Think about where the Cubs would be if Lester wasn’t in the currently constructed rotation. Without him, we’d have watched 24 more starts to date from the likes of Tsuyoshi Wada, Clayton Richard and Dallas Beeler. Sign me up as not wanting to see any starts from those types ever again. Fellow Cubs starters Jason Hammel, Kyle Hendricks and Dan Haren already come with enough concern each time they’re up in the rotation, so you can just imagine if Lester wasn’t here. You could forget a playoff chase because the 2015 Cubs would be beyond lucky to be near .500.

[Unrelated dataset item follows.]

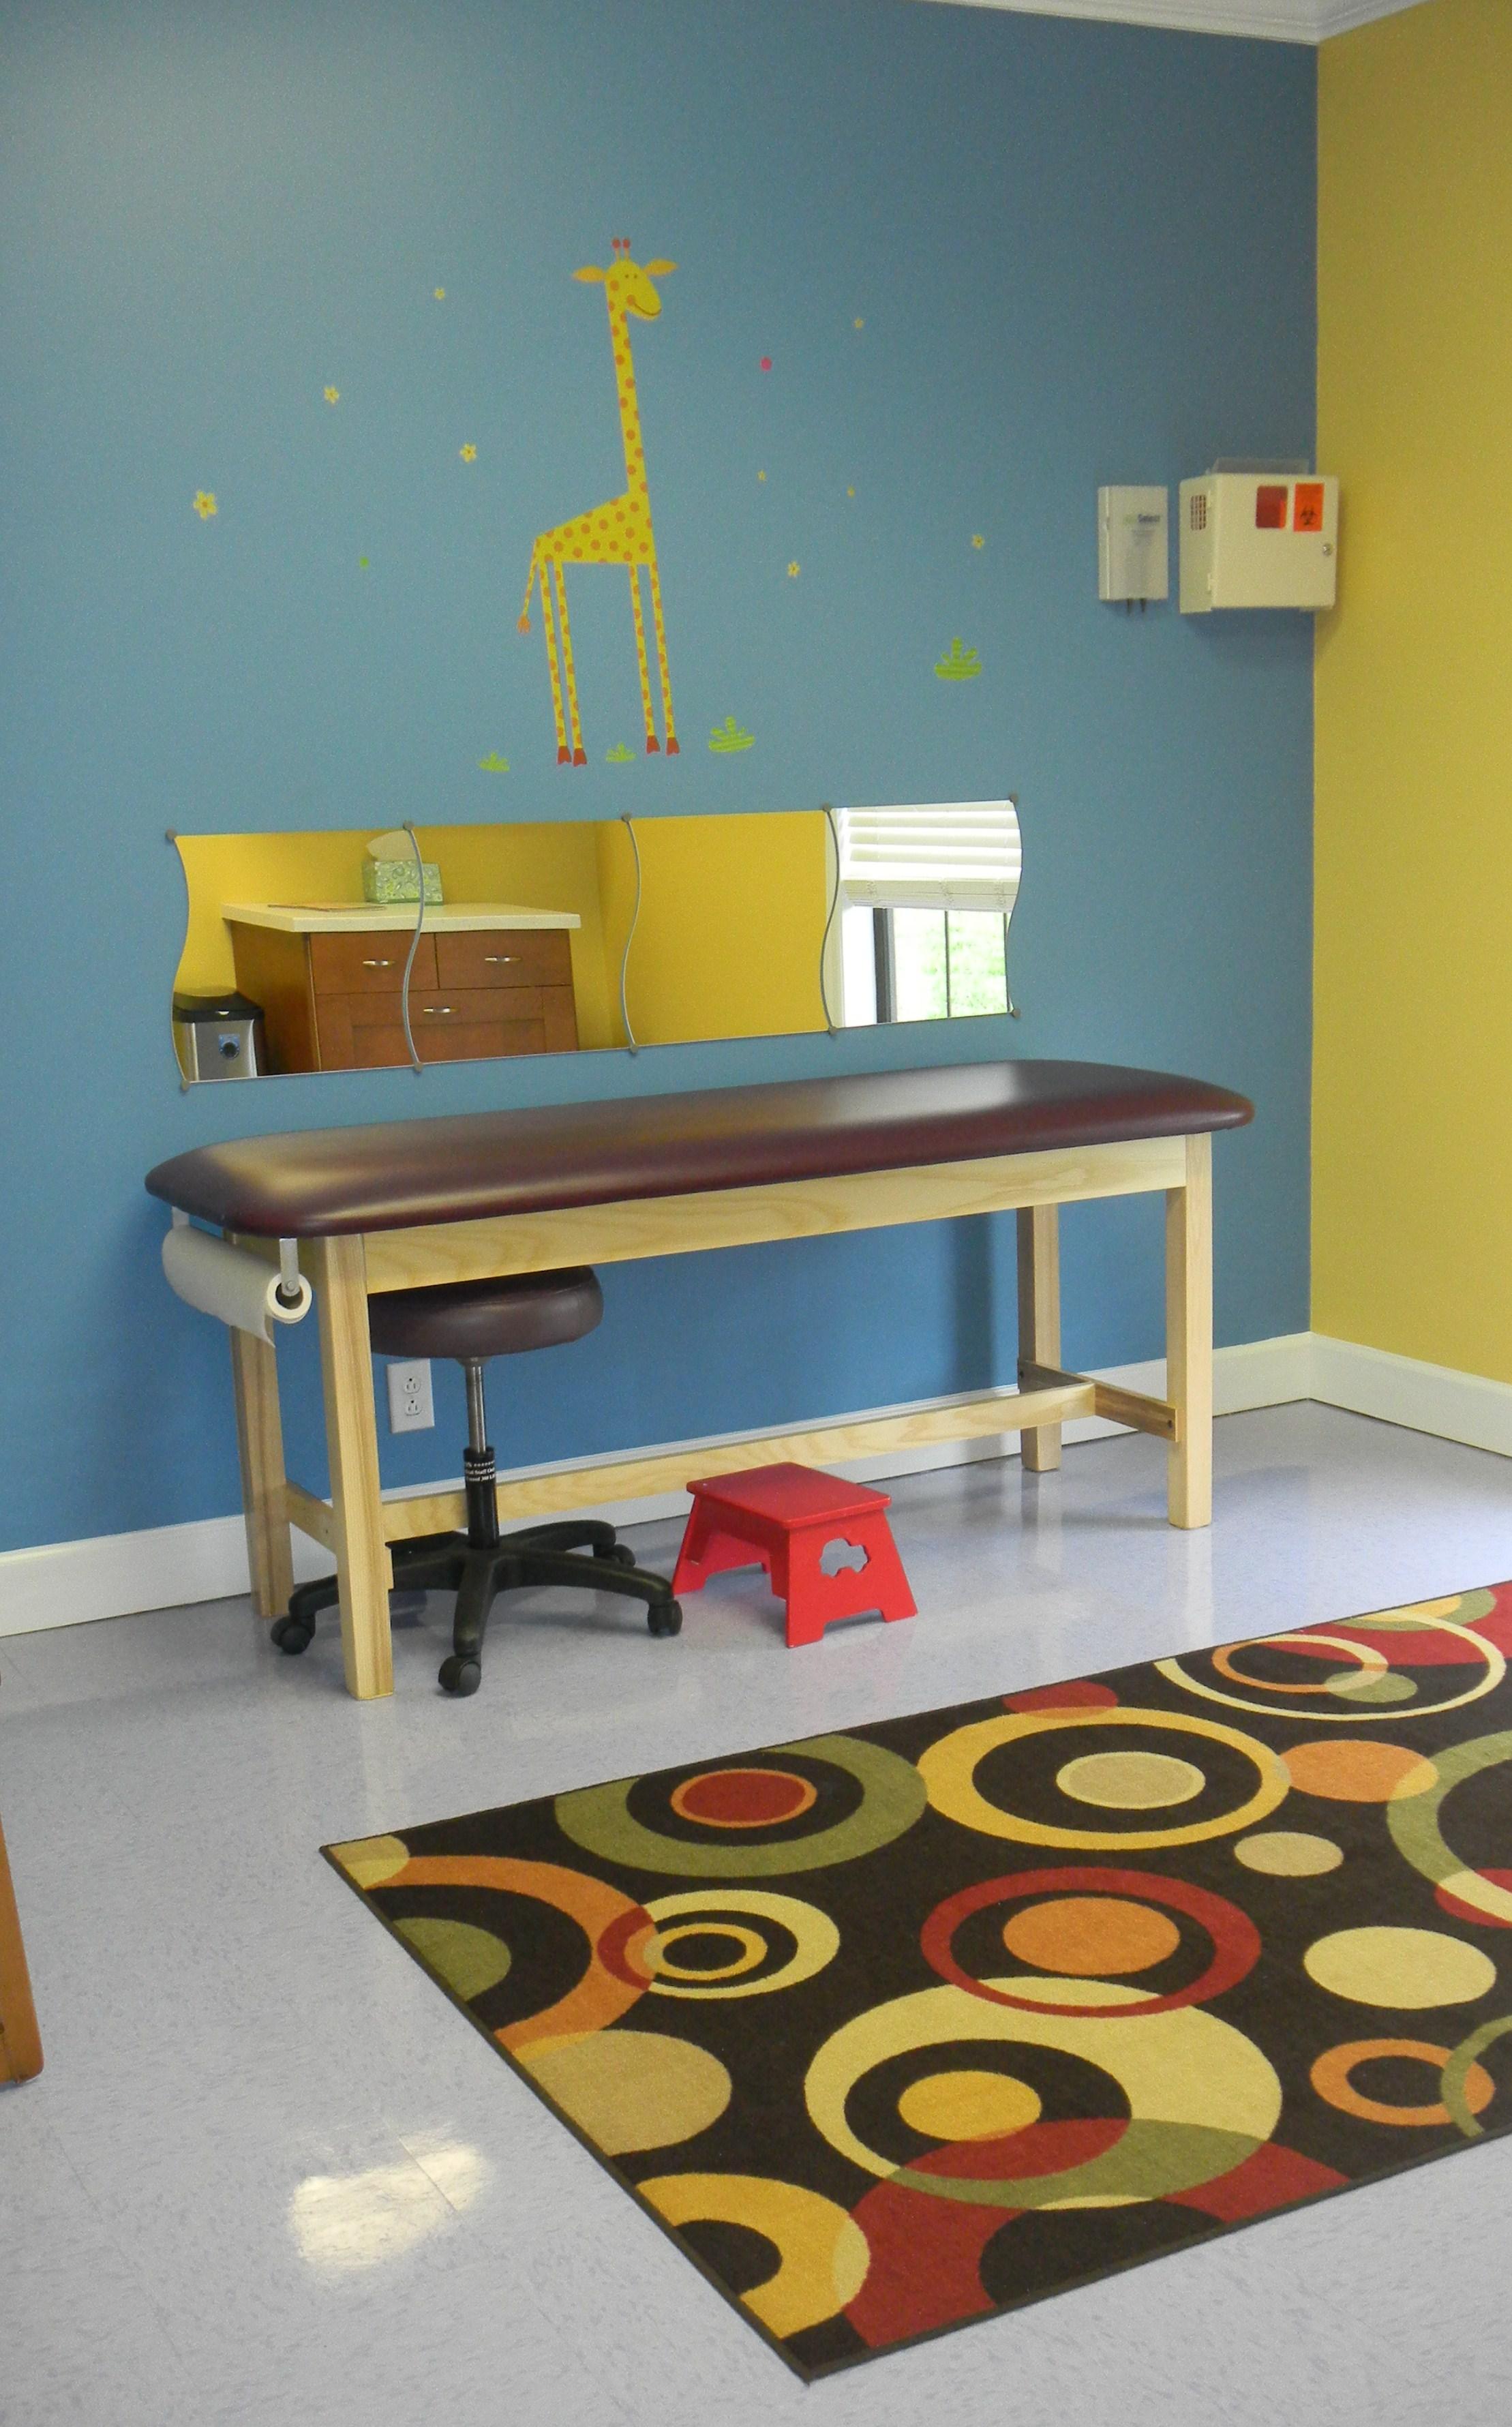 Smyrna children's waiting room
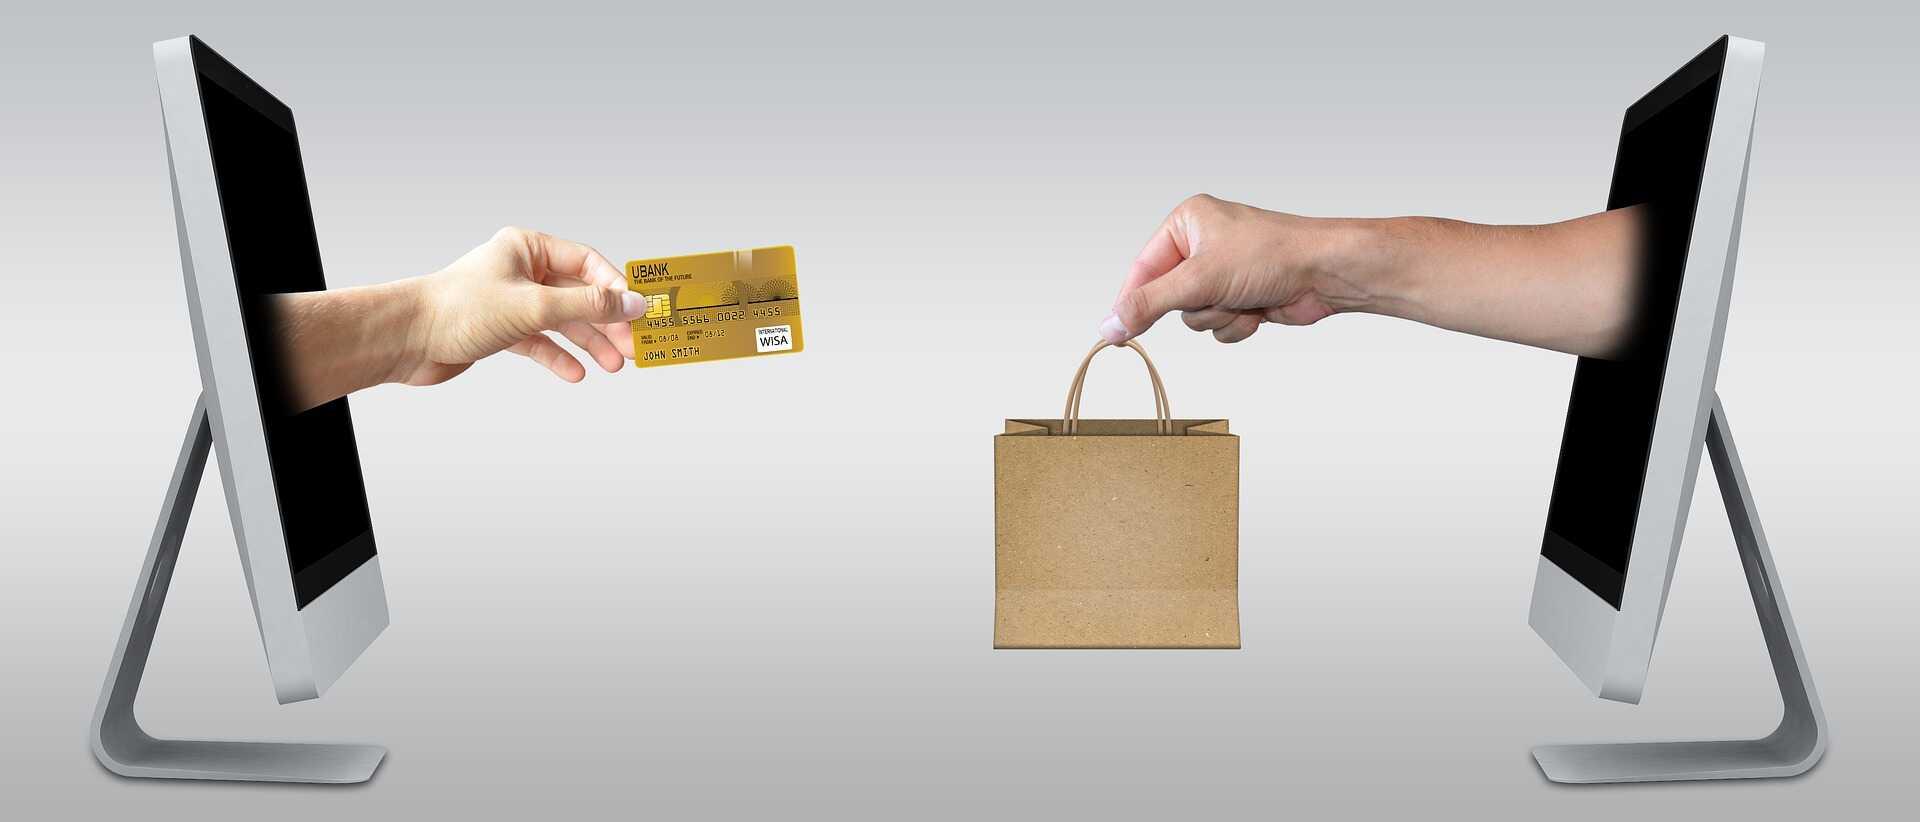 split-de-pagamento

Lester had a baller 2014 that helped him ink big-time money in free agency. He was one of the best pitchers in all of baseball a season ago, and many people expected him to keep up that same level of success right into 2015.

But that’s not the pitcher Lester has been the majority of the time since making his big league debut in 2006. Lester has twice finished in the top five in American League Cy Young voting but otherwise hasn’t shown up on any voters’ ballots.

The 3.58 ERA Lester has this season matches up perfectly with the 3.58 ERA he has for his 10-year career. I’ll admit that’s a little higher than I anticipated for 2015, but it’s hard to get upset over.

A deeper look at some of his other numbers shows plenty of positives.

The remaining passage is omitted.